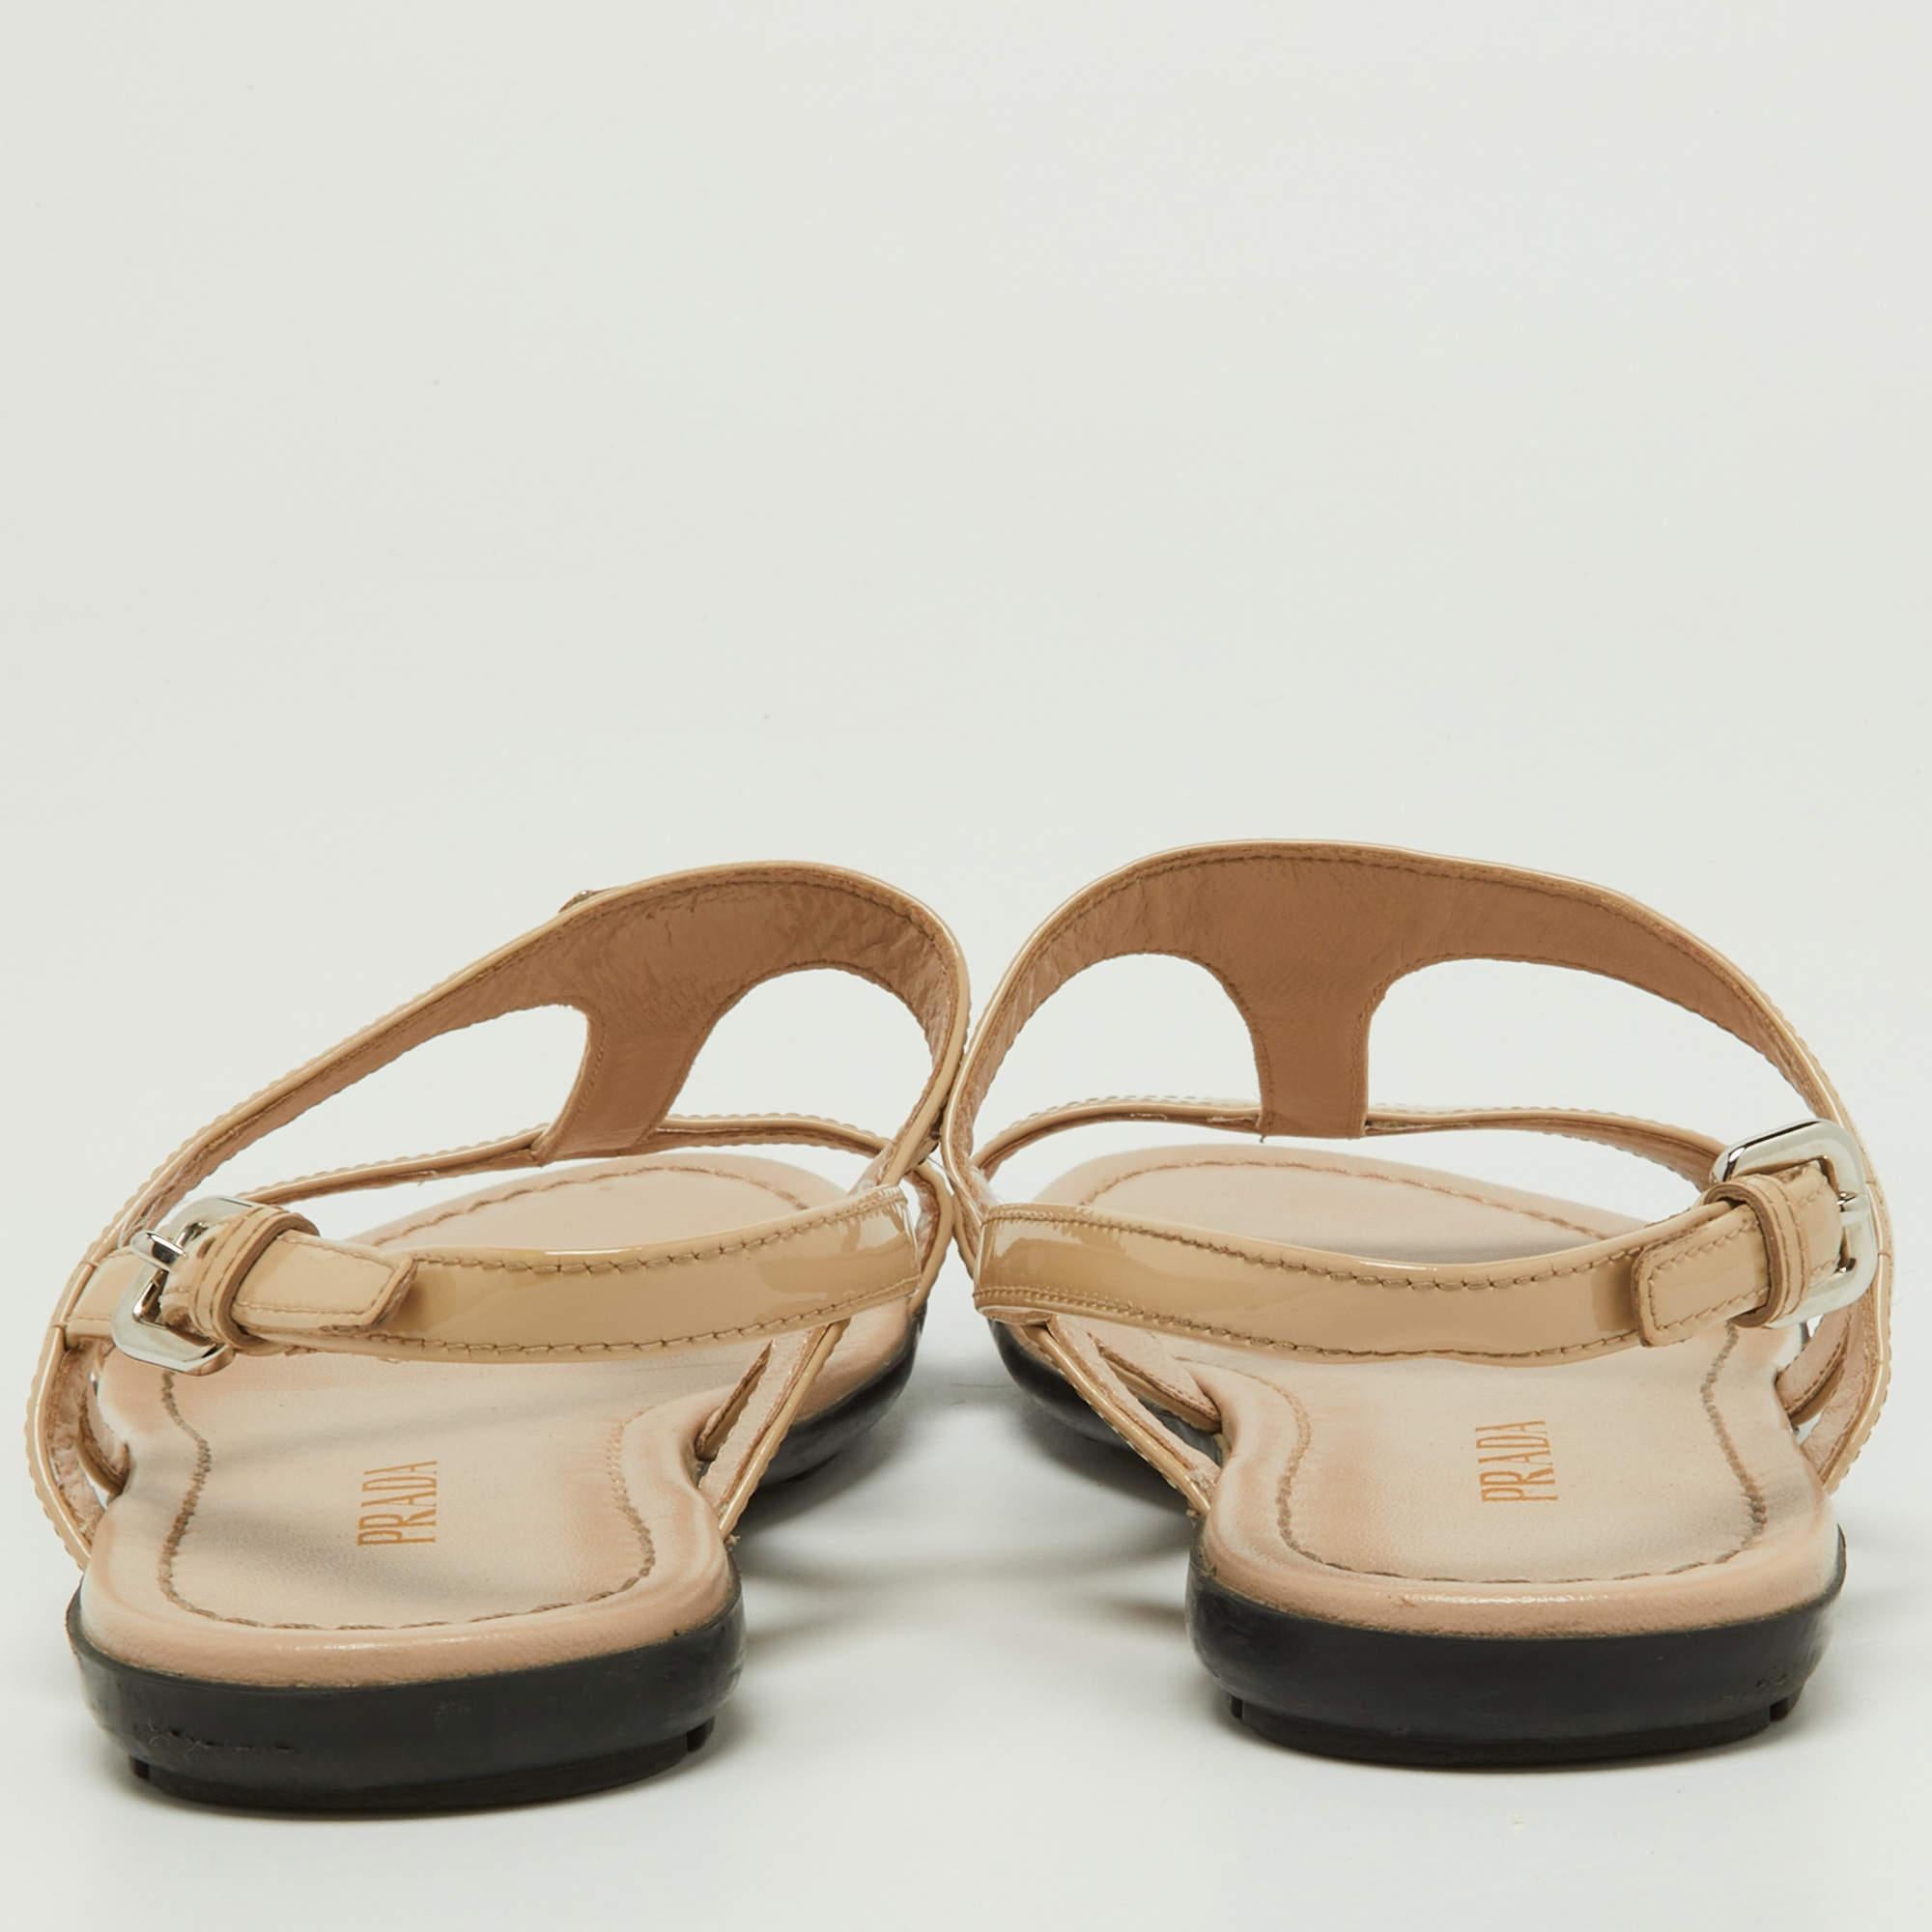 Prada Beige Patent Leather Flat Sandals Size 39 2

+ + +

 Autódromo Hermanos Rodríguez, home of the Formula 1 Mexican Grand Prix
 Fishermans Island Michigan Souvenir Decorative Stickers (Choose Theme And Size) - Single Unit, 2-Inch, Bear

+ + +

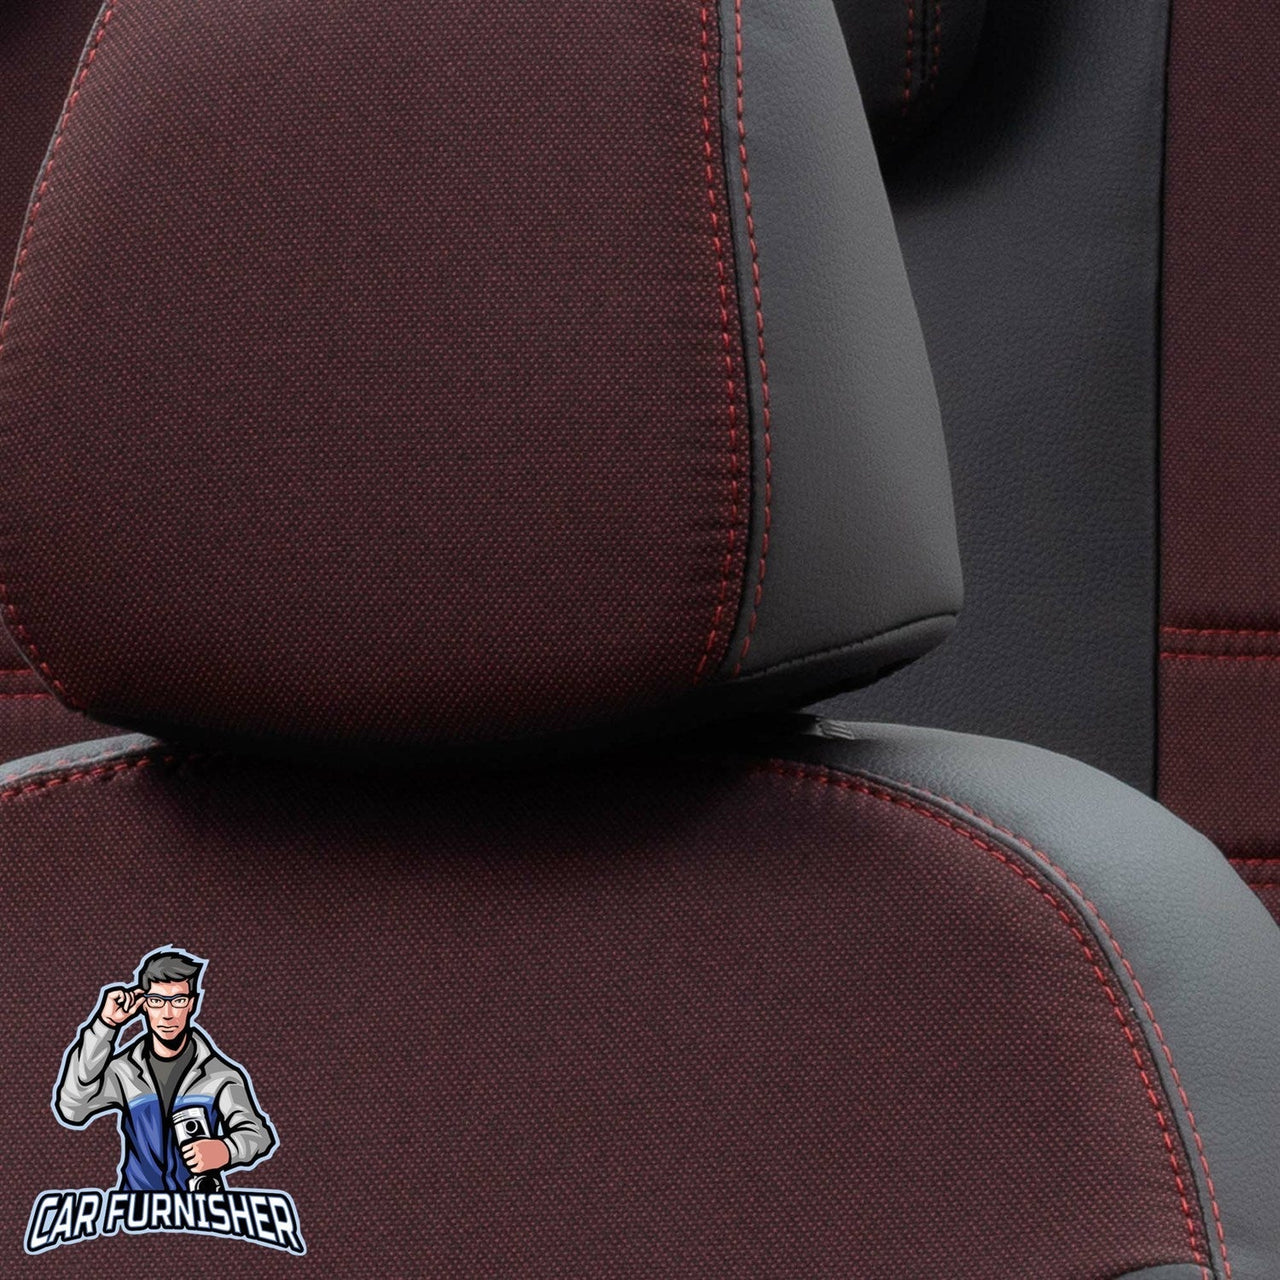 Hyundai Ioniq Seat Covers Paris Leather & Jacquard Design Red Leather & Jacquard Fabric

+ + +

• [ASSIGNMENT]: What you give back should be exactly the lines of the data above from the line with "Autódromo Hermanos Rodríguez, home" through the line with "Fishermans Island Michigan", both of those included, and nothing more.

• [ANSWER BELOW]:
 Autódromo Hermanos Rodríguez, home of the Formula 1 Mexican Grand Prix
 Fishermans Island Michigan Souvenir Decorative Stickers (Choose Theme And Size) - Single Unit, 2-Inch, Bear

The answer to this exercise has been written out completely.